In Exercise 2-2, Part 3, you learned how to create relationships between fact tables and lookup tables. While the modeling elements in Power Pivot and Power BI are not the focus of this book, the capability to shape your tables to meet your needs is indeed the focus. In the next three chapters, you will learn how to combine multiple tables to simplify your model. In Chapter 6, “Unpivoting Tables,” you will learn how to break down complex table structures to better support your analysis.
In this section, you will learn the imperative preparation steps that allow you to split an aggregated table into multiple tables, to build star schemas, and to control the granularity of your entities.
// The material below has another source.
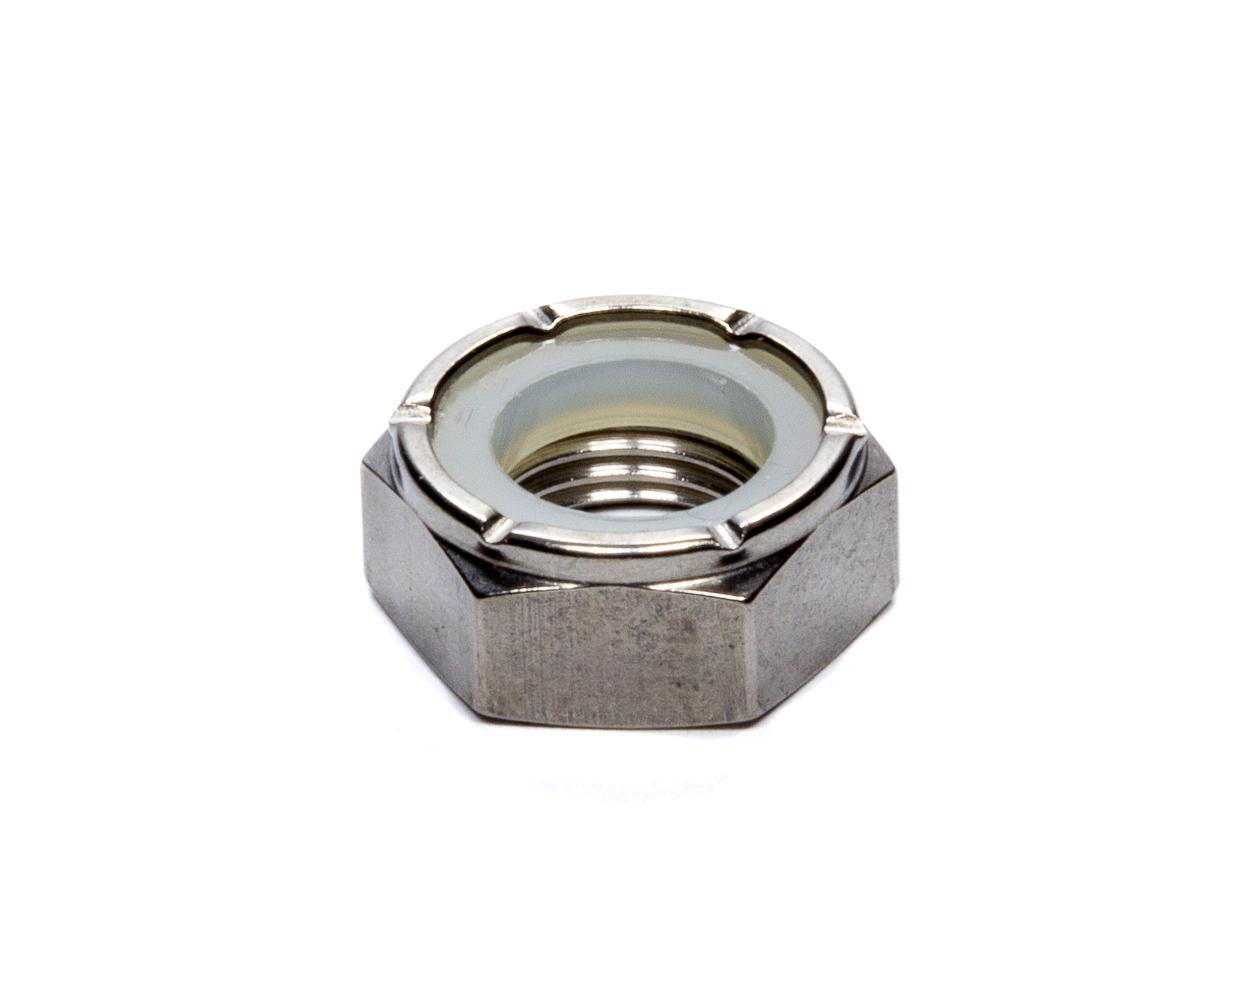 Mettec Titanium Hex Nylock Lock 1/2-20 Thin Head
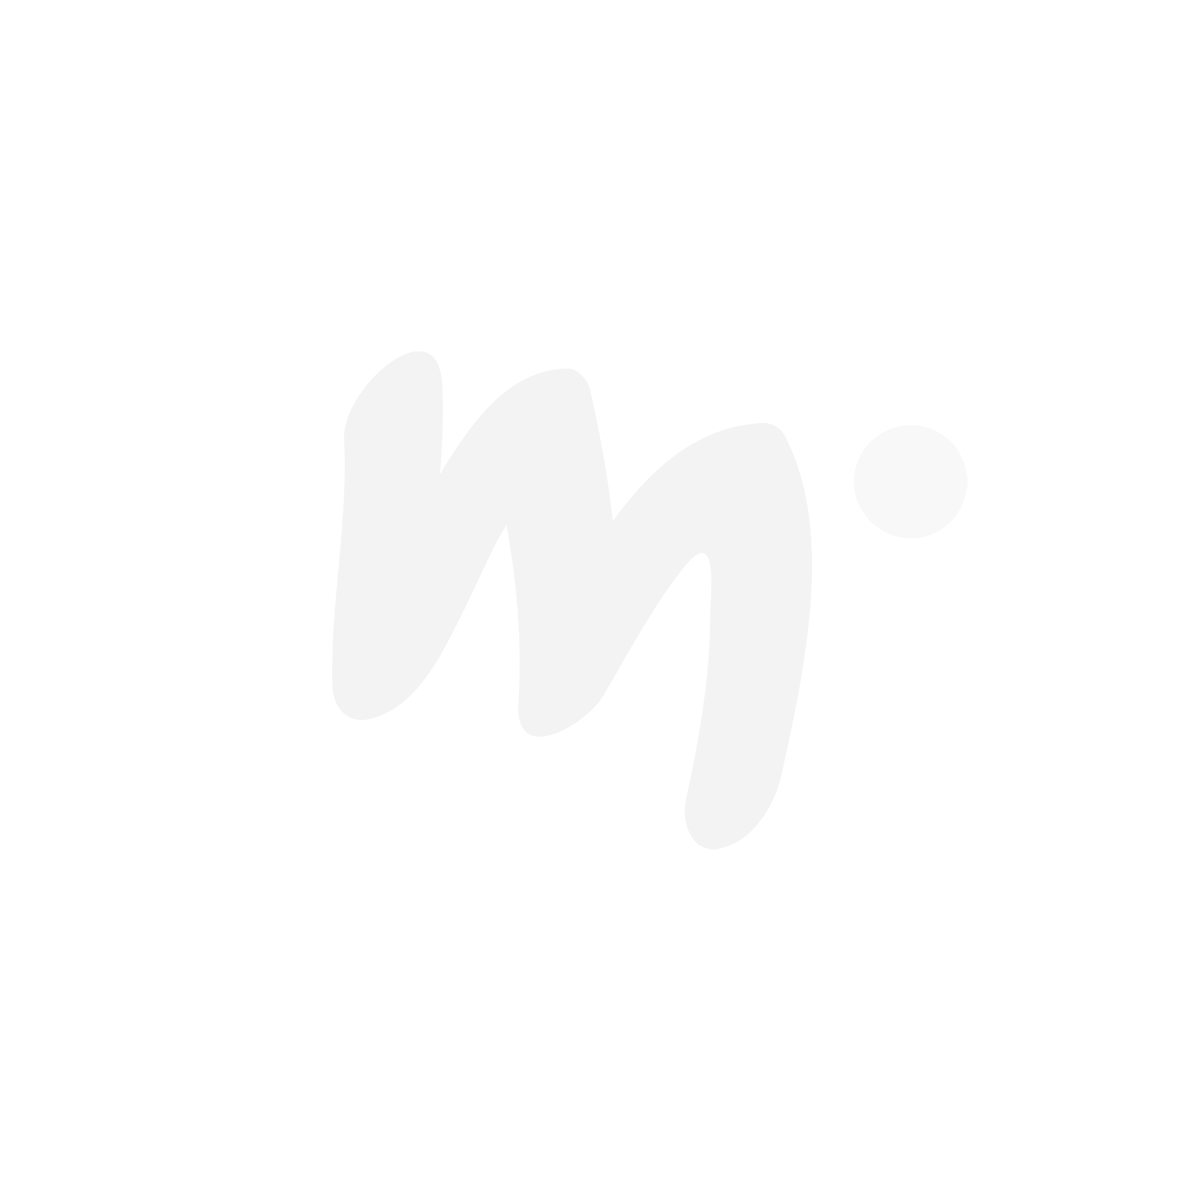 Moomin Sketch Sweatshirt blue

Exercise 2-7: Splitting Data into Lookup Tables and Fact Tables
In this exercise, you will import sample data from another fictitious company: Wide World Importers. This dataset, which is richer and newer than the AdventureWorks dataset, is also provided by Microsoft for learning purposes. To learn more about this data sample, go to https://blogs.technet.microsoft.com/dataplatforminsider/2016/06/09/wideworldimporters-the-new-sql-server-sample-database/.
The workbook C02E07.xlsx which can be downloaded from https://aka.ms/DataPwrBIPivot/downloads, summarizes Wide World Importers orders. The goal of this exercise is to show you how easy it is to use Power Query to split a table into a fact table and a lookup table by using the Reference and Remove Duplicate options.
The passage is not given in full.